The diagram above gives an overview of how the various services will work together.

  • On the far right is the model which we trained above and which is deployed using SageMaker. On the far left is our web app that collects a user’s movie review, sends it off and expects a positive or negative sentiment in return.
  • In the middle is where some of the magic happens. We will construct a Lambda function, which you can think of as a straightforward Python function that can be executed whenever a specified event occurs. We will give this function permission to send and recieve data from a SageMaker endpoint.
  • Lastly, the method we will use to execute the Lambda function is a new endpoint that we will create using API Gateway. This endpoint will be a url that listens for data to be sent to it. Once it gets some data it will pass that data on to the Lambda function and then return whatever the Lambda function returns. Essentially it will act as an interface that lets our web app communicate with the Lambda function.
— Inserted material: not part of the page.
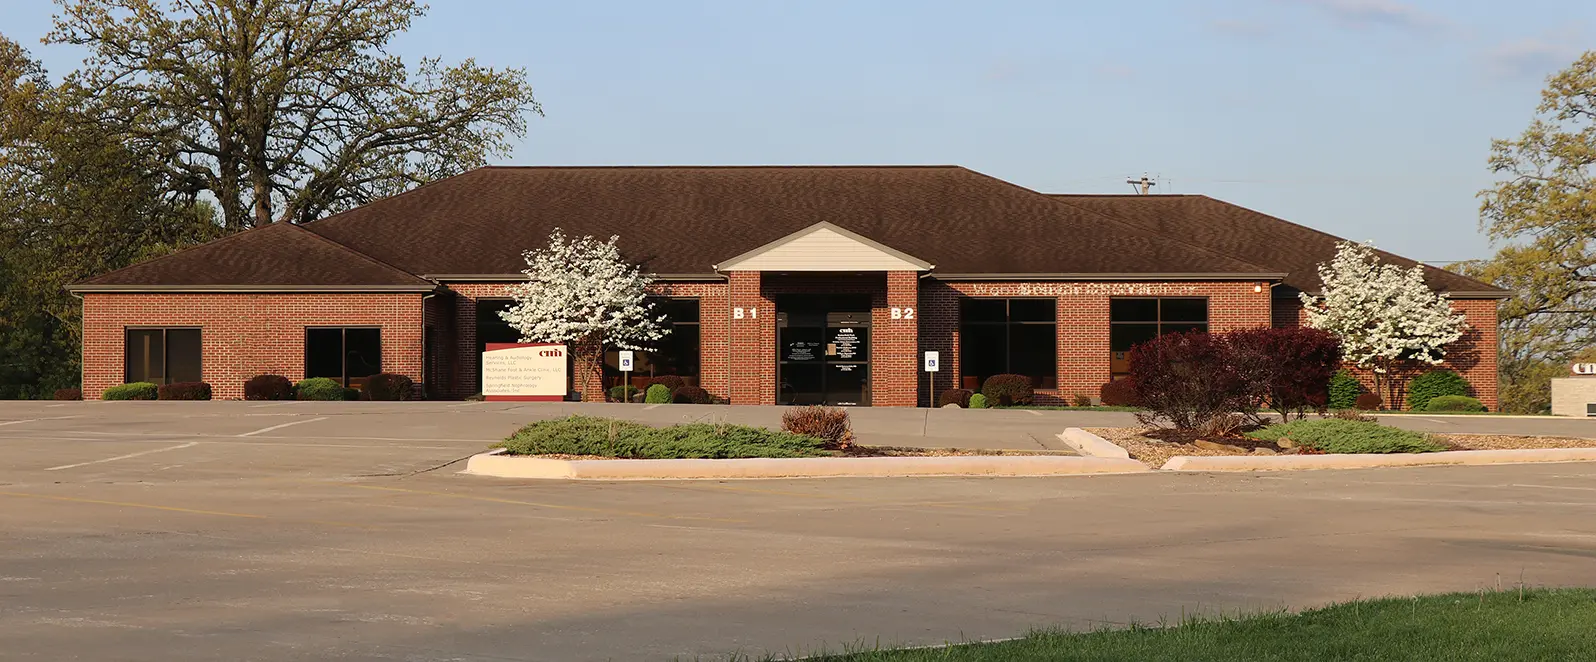 CMH Pulmonology Clinic building exterior
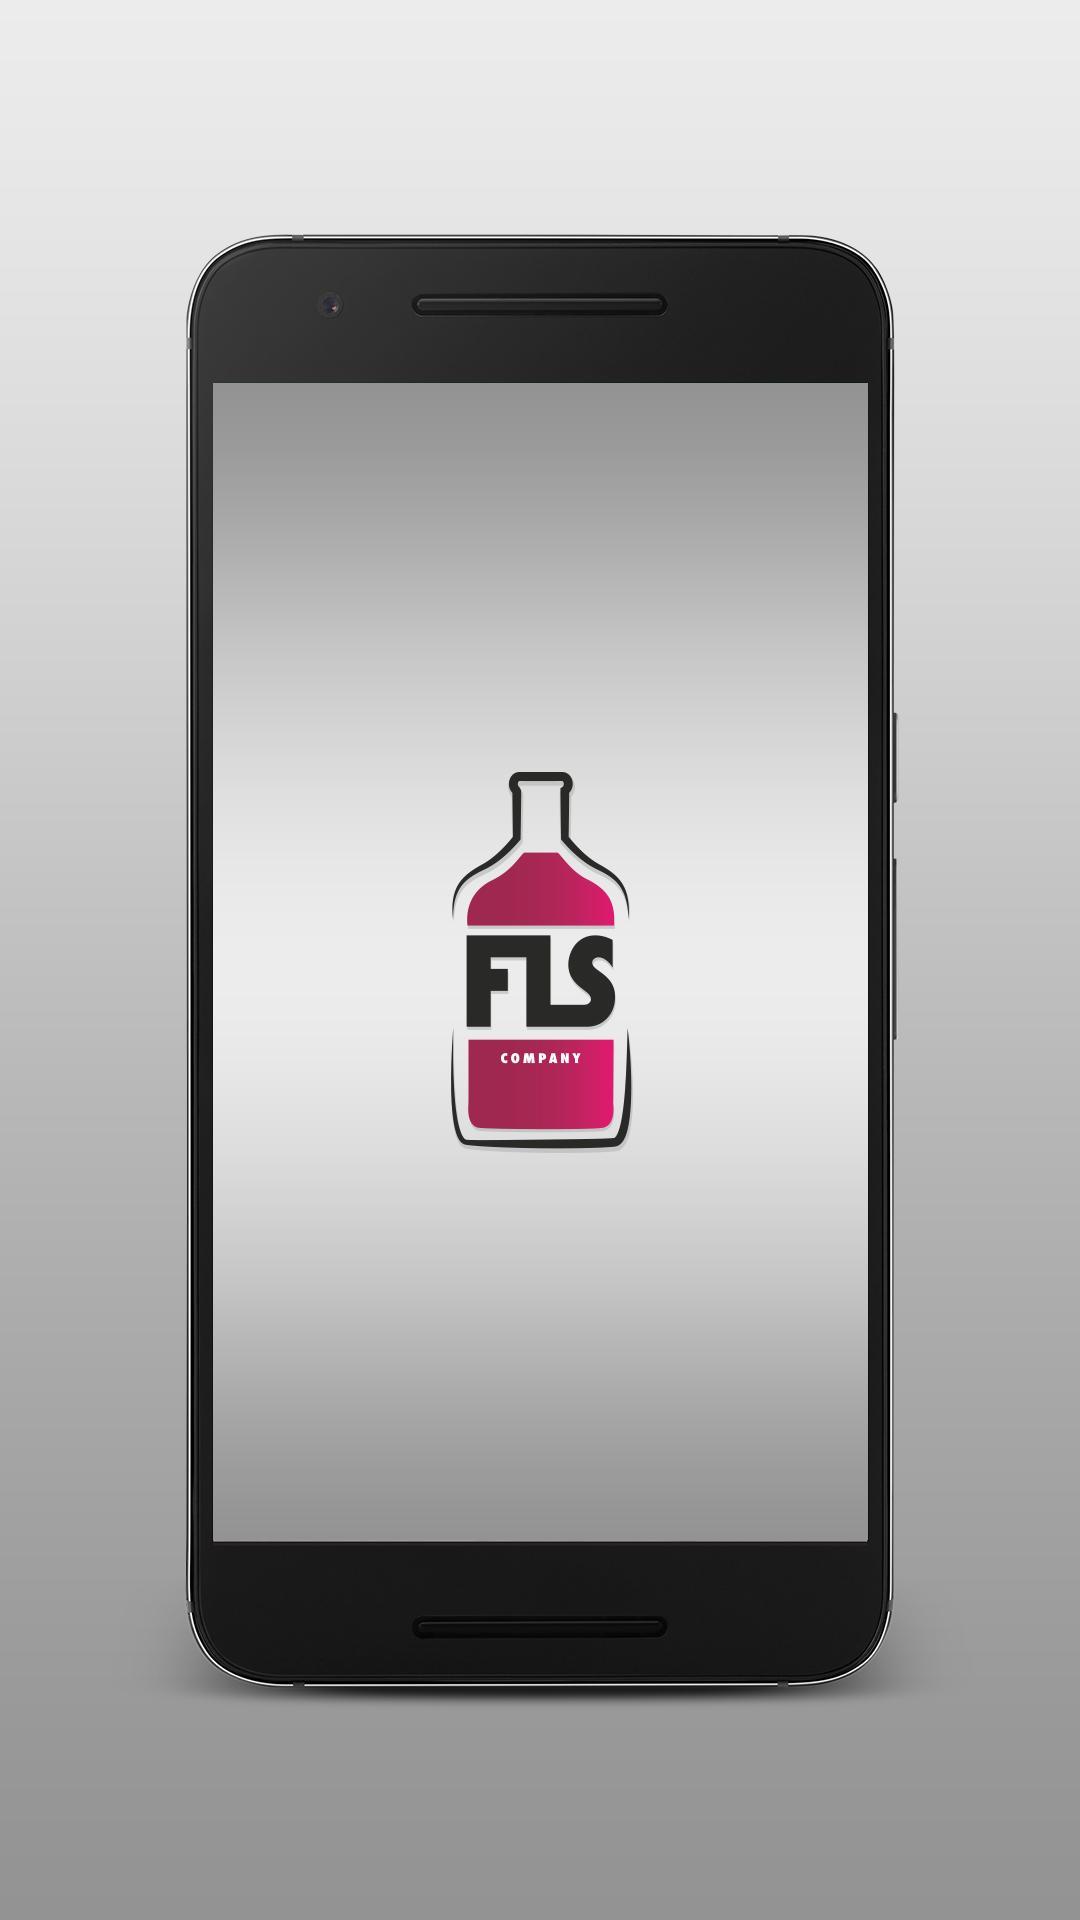 FLS mobile. DL co. Apk company

  • Setup AWS Lambda Function
    • This Lambda function will be executed whenever our public API has data sent to it. When it is executed it will receive the data, perform any sort of processing that is required, send the data (the review) to the SageMaker endpoint we’ve created and then return the result.
  • Setup API Gateway

#### 9. Sentiment Analysis Web App Examples

Example 1: fig2


Example 2: fig1


Delete the endpoint

Remember to always shut down your endpoint if you are no longer using it. You are charged for the length of time that the endpoint is running so if you forget and leave it on you could end up with an unexpectedly large bill.